Bangladesh has seen a remarkable increase in its use of the Internet over the past two decades. There were more than 125 million Internet users in Bangladesh as of November 2022, according to the Bangladesh Telecommunication Regulatory Commission (BTRC) [1]. Additionally, with the help of the implementation of the Digital Bangladesh initiative [2], the vast majority of people in Chittagong [3], Bangladesh’s second-largest city, now have access to the Internet and actively use social media. According to a survey [4], the number of Facebook users in Bangladesh is the highest among social media (see Figure 1). Moreover, with the benefit of Unicode being widely used on most communication devices, such as tablets or smartphones, speakers of underrepresented languages, such as Chittagonian, can express their thoughts in their native languages and dialects. Many people in Chittagong now use social media on a regular basis, regularly using platforms like Facebook [5], imo [6], various blogs, and WhatsApp [7]. These platforms offer a venue where people can express themselves freely and informally. However, the pervasiveness of social media has also resulted in unfavorable influences that are difficult to shake. Excessive use of social media has the potential to cause addiction [8], which as a result could cause young people to spend more time on these platforms than they spend with their family and friends [9]. Their general health and social interactions may suffer as a result of this addiction. Additionally, social media witnesses the growing problem of the increase in online abuse and cyberbullying, which can have a negative impact on a person’s self-esteem and even violate their privacy [10]. The spread of misinformation and hatred online has also contributed to an uptick in violent crimes in society [11]. Receiving messages with vulgar language is a startling realization of this unwelcome and damaging phenomenon. The likelihood of encountering such vulgar remarks rises as social media use increases.
Figure 1.
Yearly social media usage statistics in Bangladesh as of March 2023
[4]
.
Vulgarity or obscenity with regards to language refers to terms used to describe the use of vulgar language, such as swearing, taboo words, or offensive expressions [12][13]. Unfortunately, such language has become more and more common in contemporary culture [14], especially on social media sites like Twitter [15]. The majority of the time, however, vulgar language is used in the context of online harassment and negativity. While there are some instances where vulgar language may be used in a positive context to convey informality, express anger, or establish a sense of belonging with a particular group [16], these are usually rare in comparison to its use in negative contexts or in closed message groups. Therefore, detecting such use of language quickly and effectively is necessary to allow social media platforms to efficiently moderate their contents.

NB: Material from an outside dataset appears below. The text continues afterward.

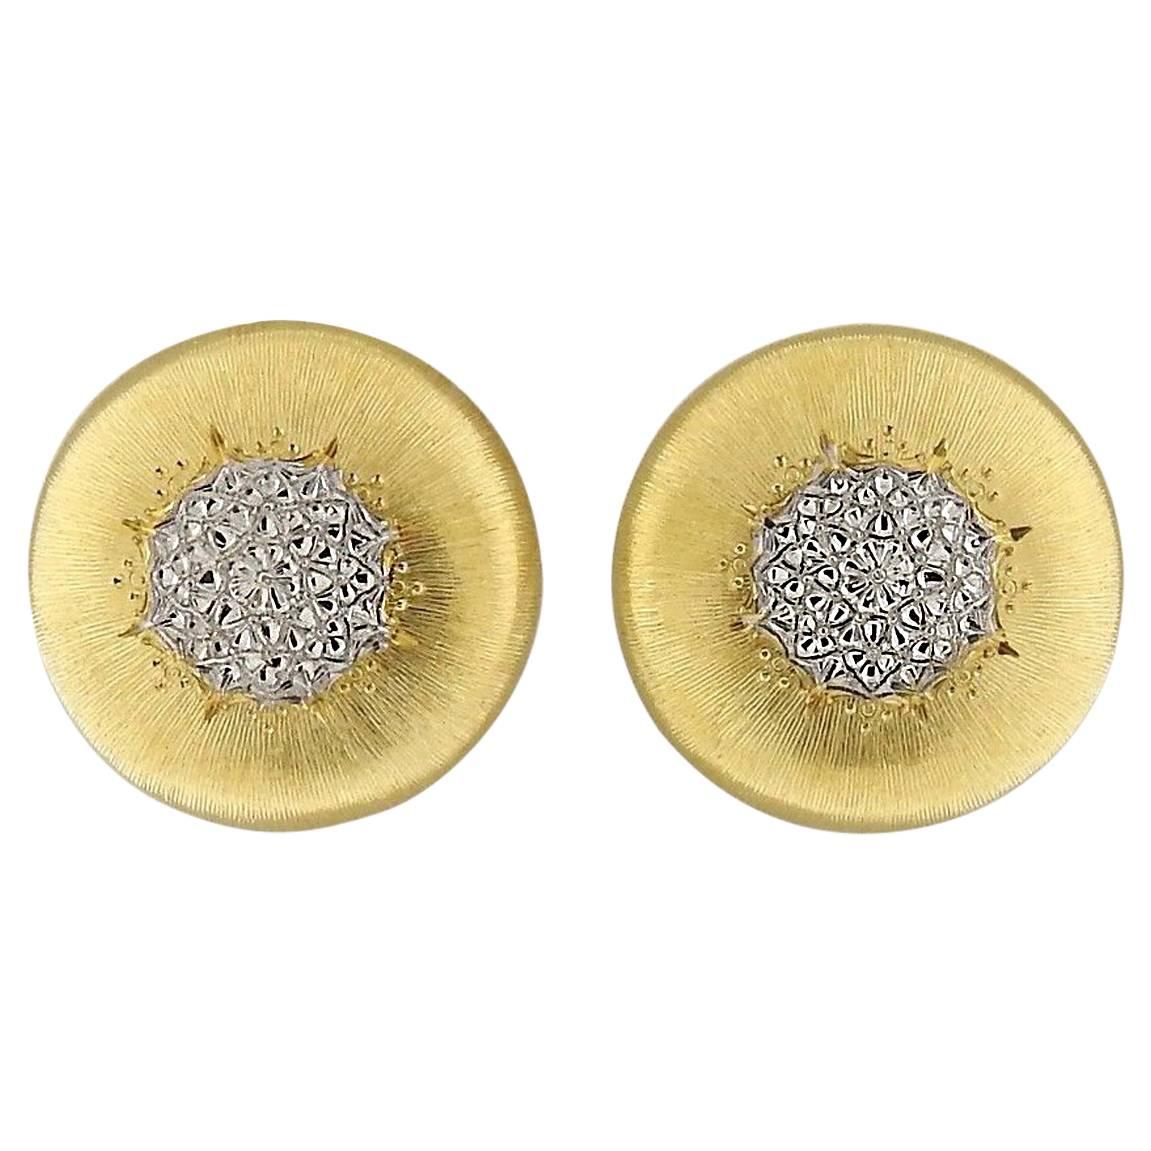 Buccellati Macri Gold Button Earrings

Therefore, the goal of this research was to find and evaluate vulgar remarks in the Chittagonian dialect of Bangla. Chittagonian is a member of the Indo-Aryan language family [17] and is spoken by between 13 and 16 million people, most of whom live in Bangladesh [18]. Although some linguists categorize it as a distinct language, Chittago- nian is frequently used together with Bengali and has its own pronunciation, vocabulary, and grammar [19]. In this paper, we present a system for automatic detection of vulgar remarks in an effort to combat the growing problem of vulgar language online. To achieve this we apply various machine learning (ML) and deep learning (DL) algorithms, such as logistic regression (LR) or recurrent neural networks (RNN). We also use a variety of feature extraction techniques to expand the system’s functionality. The performance of these ML and DL algorithms in detecting vulgar remarks was thoroughly investigated through rigor- ous experimentation, which is particularly important in a low-resource language scenario, such as Chittagonian, where linguistic resources are scarce.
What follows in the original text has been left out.